There are two possible outcomes in normal trading: stop loss and take profit. In this case, there is only a stop loss, no take profit, and the possibility of profit has been completely eliminated, leaving only losses.What should I do in this situation?

(1) Cease trading for a while to regain composure and gradually forget the fear brought on by losses.

(2) Before starting again, perfect your trading skills and establish confidence in your trading system.

(3) When you start again, begin with a lighter position to reduce psychological burden, maintain a good state, and then gradually increase your position.

(4) If this issue still cannot be resolved, it is advised to stop trading altogether.

10. Love for discussion and communication

I often have friends asking me, "Do you have a discussion group, teacher? I'd like to join and learn." I'm not sure about other industries, but in the trading industry, communication is often an ineffective activity.

I categorize people who enjoy discussing in groups into these types:

First category: Those who have correctly predicted the direction, made the right trades, and made money in the short term, rush to show off in the group to gain a sense of recognition. However, when they suffer losses, they absolutely remain silent.

Second category: Those who have a good self-image and enjoy theorizing on paper, offering advice and opinions as if they were strategists.Category Three: Those who simply ask foolish questions without thinking.

Category Four: The idle chatterboxes.

Trading is an endeavor that requires a calm and focused approach.
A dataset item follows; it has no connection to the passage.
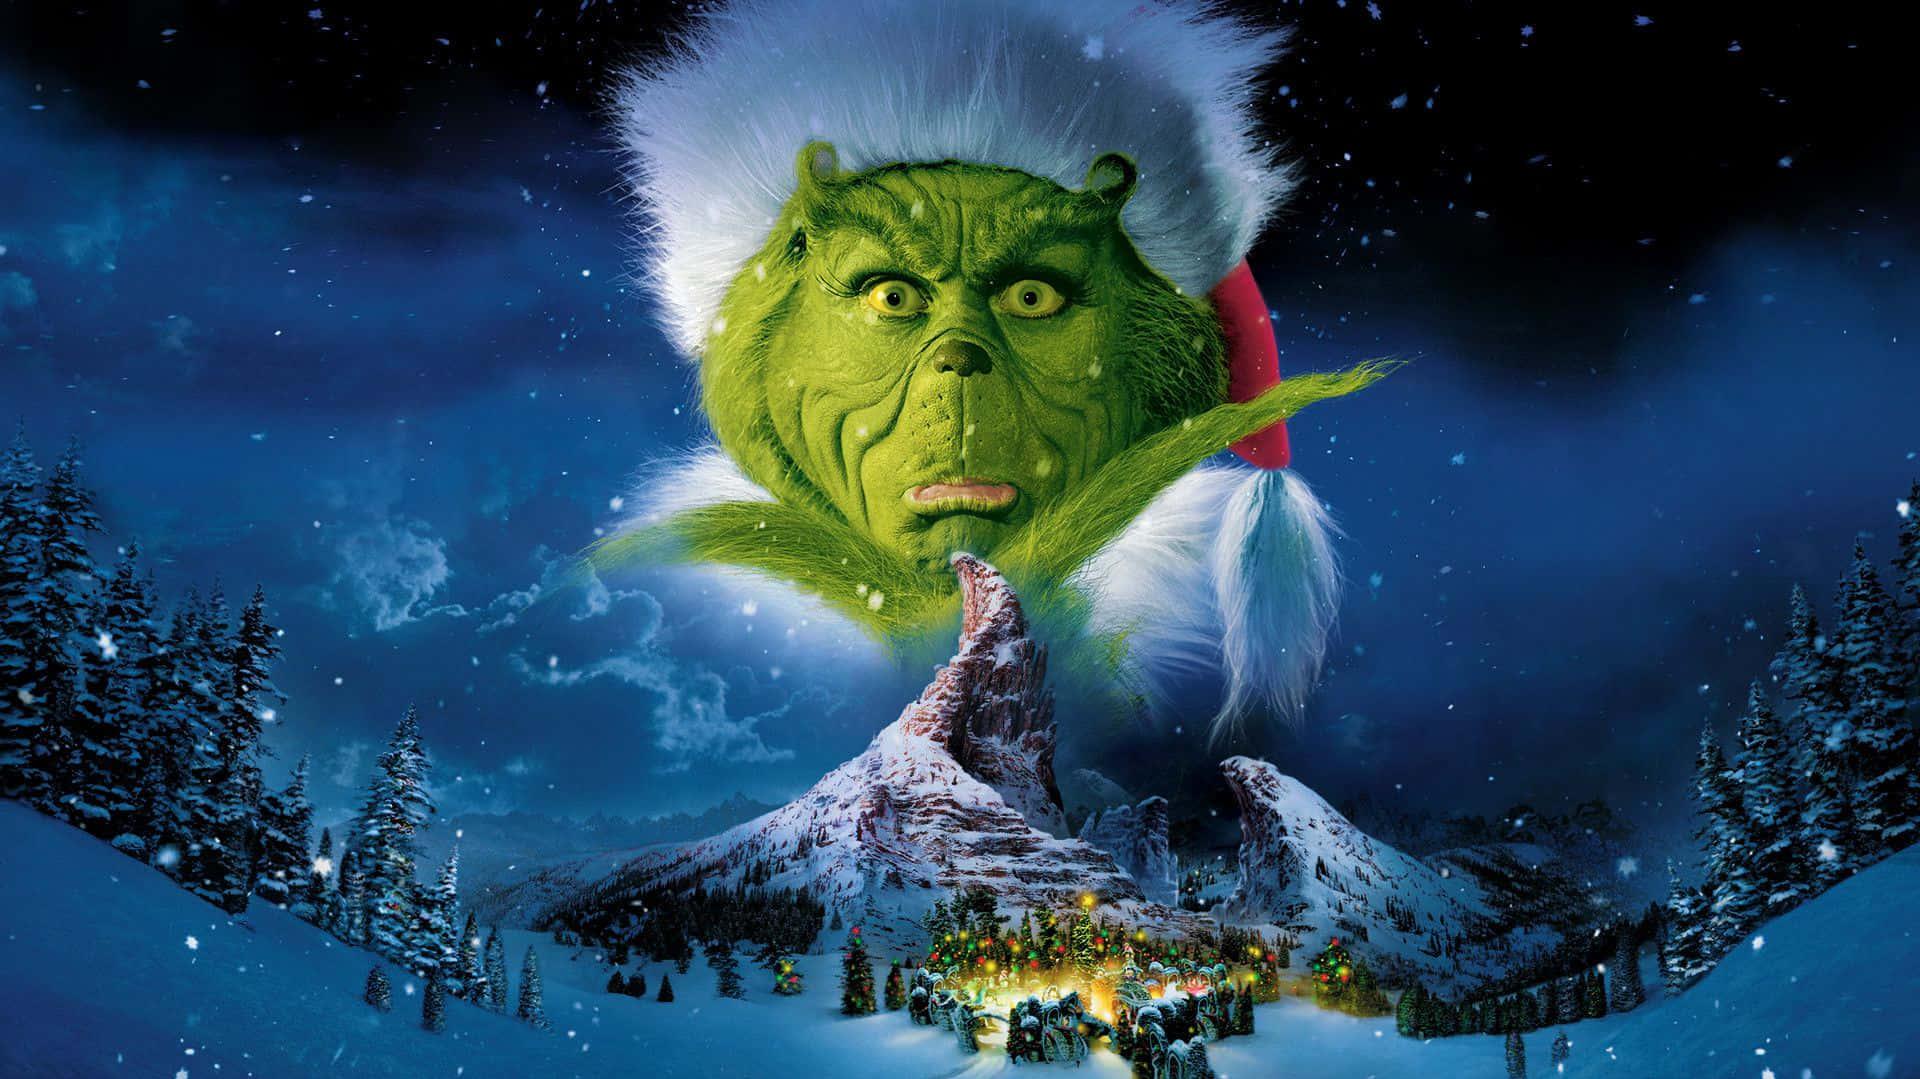 Download The Grinch In The Snow Wallpaper
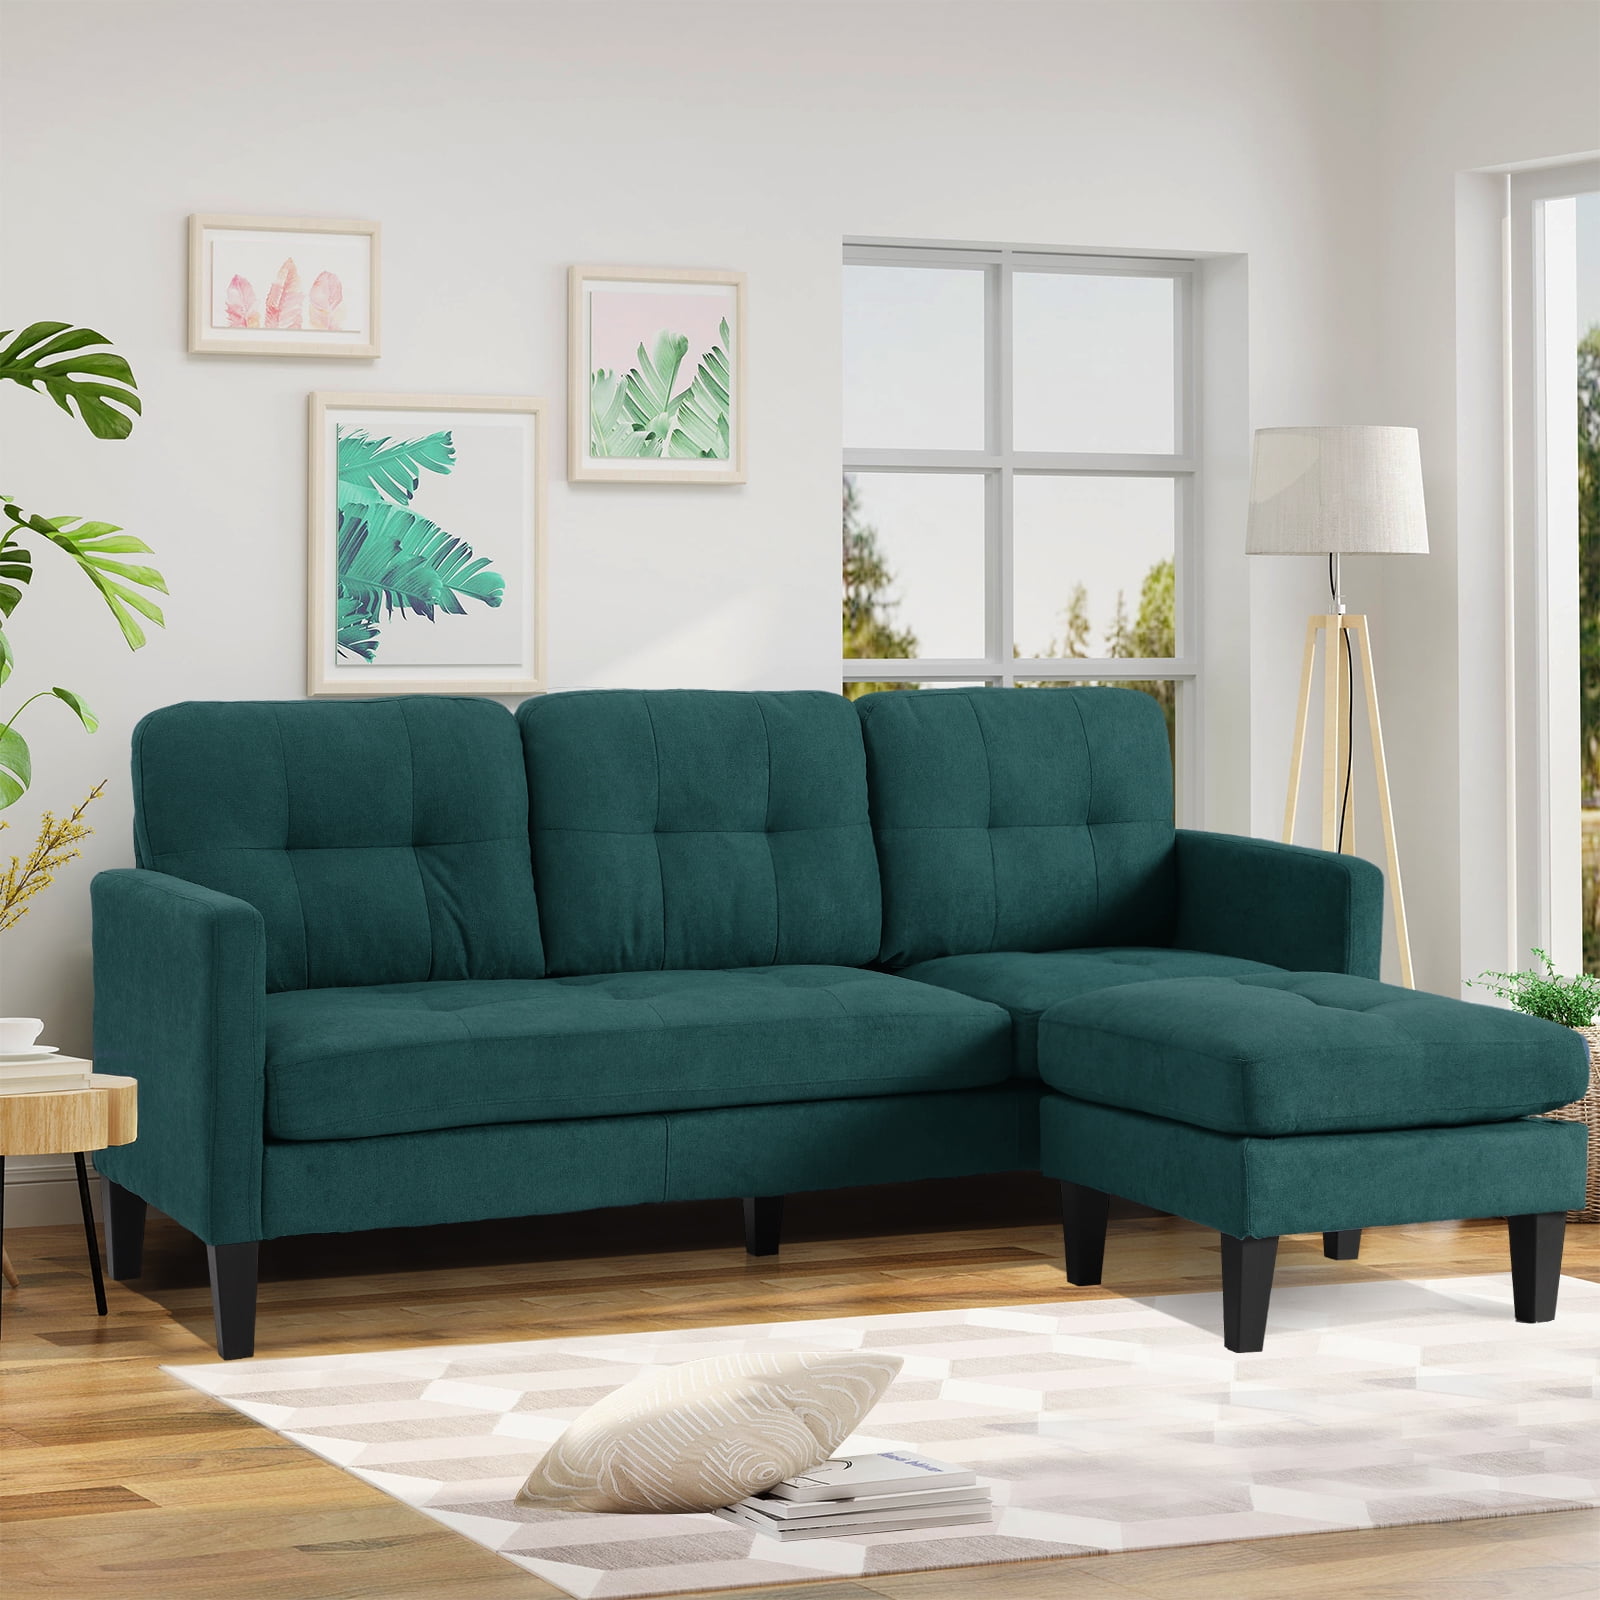 Magic Union Convertible Sectional Sofa, L-Shaped Couch for Small Space ...

It necessitates in-depth learning and contemplation, continuous practice, and the refinement of one's character to be successful.

There is a book called "The Crowd: A Study of the Popular Mind." When you are part of a group, your thoughts can easily be swayed.

My personal experience was that when I first started trading, I envied others who flaunted their profit statements in the group chat, which made me more anxious about my own trades. I began to desperately seek solutions, believing and attempting everything, which ultimately led to significant losses.

There were also times when I discussed market trends with others. I originally had a bullish outlook, but when someone in the group convincingly argued for a bearish day, I started to doubt myself and abandoned my trading plan. The market then took a strong bullish turn, and instead of making a substantial profit, I ended up losing a lot because I listened to the group's opinions.

So, I proactively left the discussion groups, and my mind became much clearer. It was then that I began to think, train, summarize, and revise in peace, listening only to the voice within my own head.

What I have shared here can serve as a reference for everyone. These ten trading conditions that lead to losses should also be taken seriously and corrected as soon as possible.